Отец сглотнул, неожиданно для себя пораженный откровениями, о которых не имел понятия.
– Но я не собираюсь вспоминать это, вспоминать, насколько сильно ты ранил меня. Сейчас важно только то, что лучше для Ясмин. Неужели ты ничего не понял из того, что тебе объяснил мой партнер? Ты никогда не мог удовлетворить потребности Ясмин. Боже мой, ты хоть смотрел на себя? Твоя жизнь давно покатилась под откос. Даже здесь, в тот момент, когда я вошла в ту дверь, я увидела, насколько ты мутный, блеклый и неправильный.
И что она подумает о тебе, если узнает, что ты сделал? Ты искренне думаешь, что годишься быть отцом? Что способен заботиться о ребенке? Но ты все равно вторгаешься сюда, спустя все это время, ставя под угрозу ее жизнь, чтобы заявить права на привилегию, которую утратил давным-давно?
Отец попытался встать со стула, но тот лишь слегка заскользил по цементному полу.
– Она моя! Моя… – взревел он сквозь прохладный воздух, заглушив далекое, непрерывное завывание ветра. Кожа на внутренней стороне одного запястья лопнула. Свежий шок от агонии, охватившей лодыжки, быстро притупил его ярость и заставил задыхаться от боли. Его тело содрогнулось, будто сквозь кровь прошло большое облако пузырьков; когда они достигли головы, в глазах у него побелело.
Сквозь грязную пелену негодования и отчаяния он также ощутил, что Карен упивается моментом. Для нее это была возможность, о которой она, вероятно, тайно мечтала, после того как он ушел от нее. И он ничего не мог с этим поделать.
– Ты и твоя женушка, эта бесхребетная сучка… Лучшая семья? Семья для такой особенной девочки? Для Ясмин?
Отец чувствовал, как она сердито показывает на закрытую дверь в комнату, но больше не мог видеть перед собой эту женщину и не сводил глаз с цементного пола. И все же ее голос продолжал проникать ему в голову, как и голоса всех тех, кто оказался наделен полномочиями в этом бесконечном кризисе, искажал правду и неблагоприятные обстоятельства, изменял перспективу в своих интересах.
– Миф о приоритетности естественного родительства, за который ты цепляешься, вскоре станет мифом в буквальном смысле. Мой партнер и я – это все, что когда-либо потребуется этой девочке. И я дам ей то, чем ты никогда не сможешь ее обеспечить. Ты до сих пор понятия не имеешь, не представляешь, как ей повезло быть здесь, с нами.

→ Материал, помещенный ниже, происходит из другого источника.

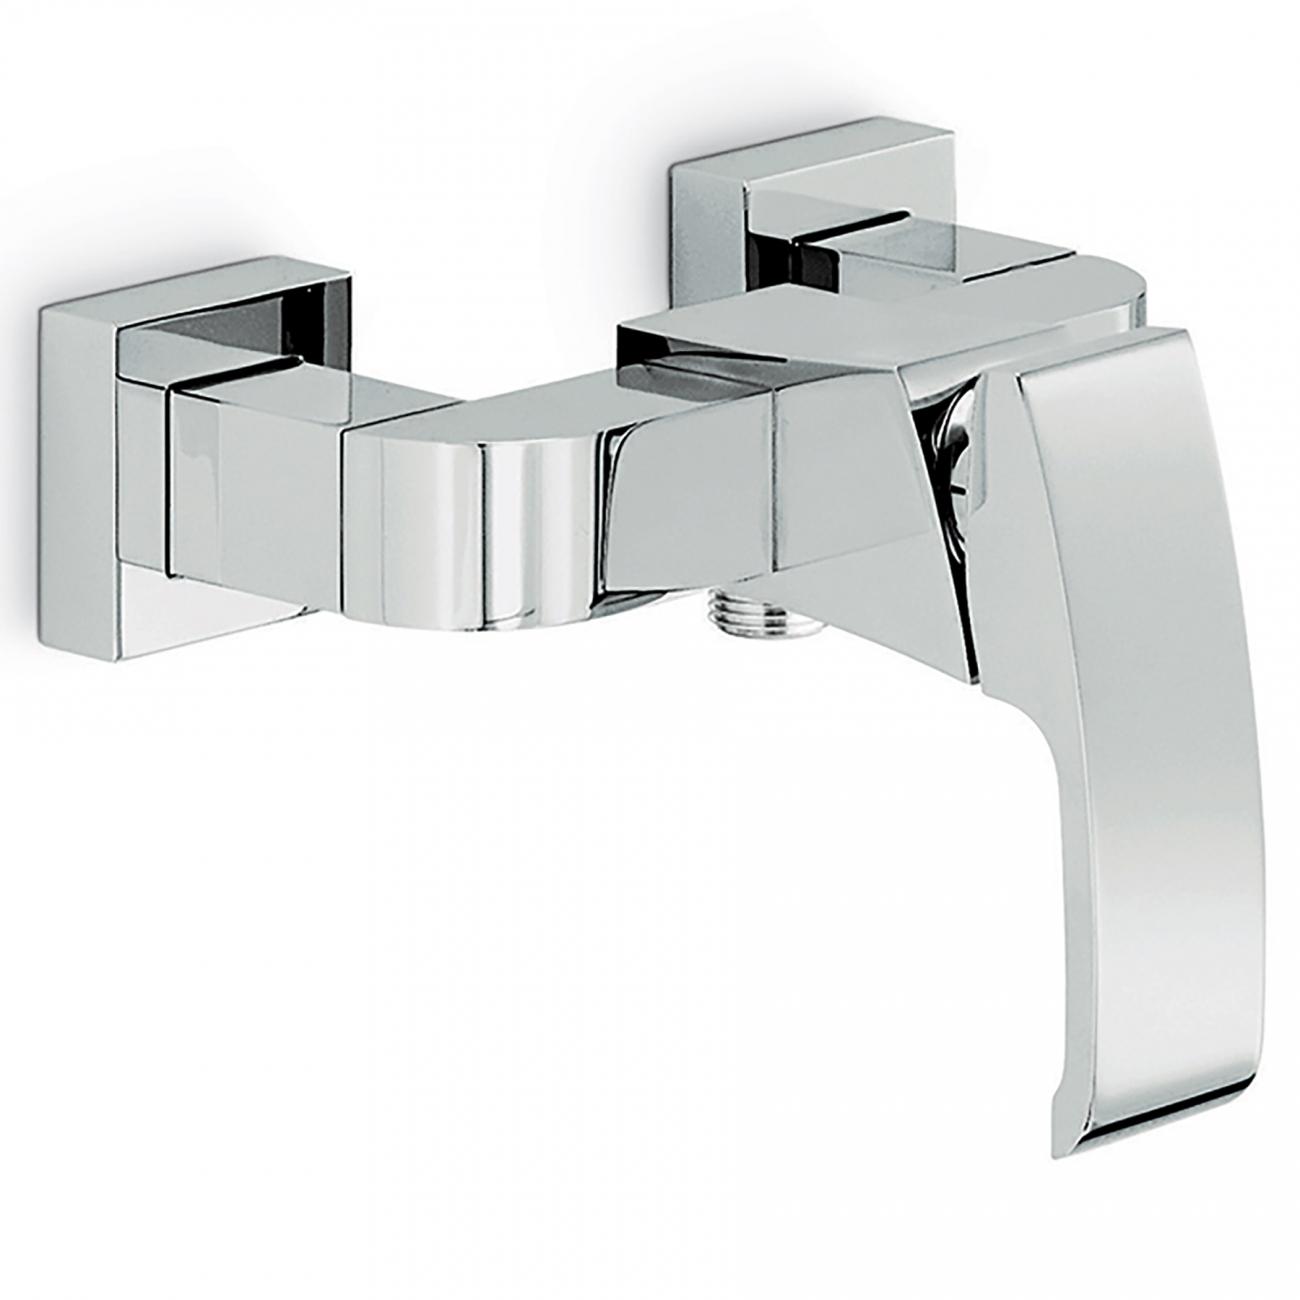 Newform X-Sense miscelatore doccia

Ее уверенность возрастала вместе с громкостью ее голоса, когда она заверяла себя в своей правоте и оправдывала свои действия, как всегда делала и будет делать.
– Думаешь, я позволю, чтобы твои ошибки повлияли на будущее моей дочери? – Голос Карен превратился в далекий крик за сужающимися красными стенами его разума, и Отец пожелал себе полной глухоты, сердечного приступа, смерти.
– Да, моей дочери! Моя дочь ни в чем не будет нуждаться. Знай это. У нее будет такая жизнь, которую ты даже не в состоянии себе представить. Прошлое здесь не играет роли. Уже не играет. Единственное, что заботит меня – это то, как дать моей дочери самое лучшее. И ты должен знать, что это не ты. Или, скорее, не то, что от тебя осталось. – Вероятно, убедившись, что он наконец приблизился к пониманию, Карен понизила голос, и Отец почувствовал, что ее злое лицо растянулось в довольной улыбке. – И эта… эта кара тоже не случайна. Это – благословение. Дар хаоса. Будет страшно, но последует воскресение. Контролируемое восстановление. Ясмин не пострадает. Она выживет и проживет долгую жизнь, здоровая и защищенная. С нами. Моя девочка выживет. Моя семья выживет. И я не позволю, чтобы что-то угрожало моей семье.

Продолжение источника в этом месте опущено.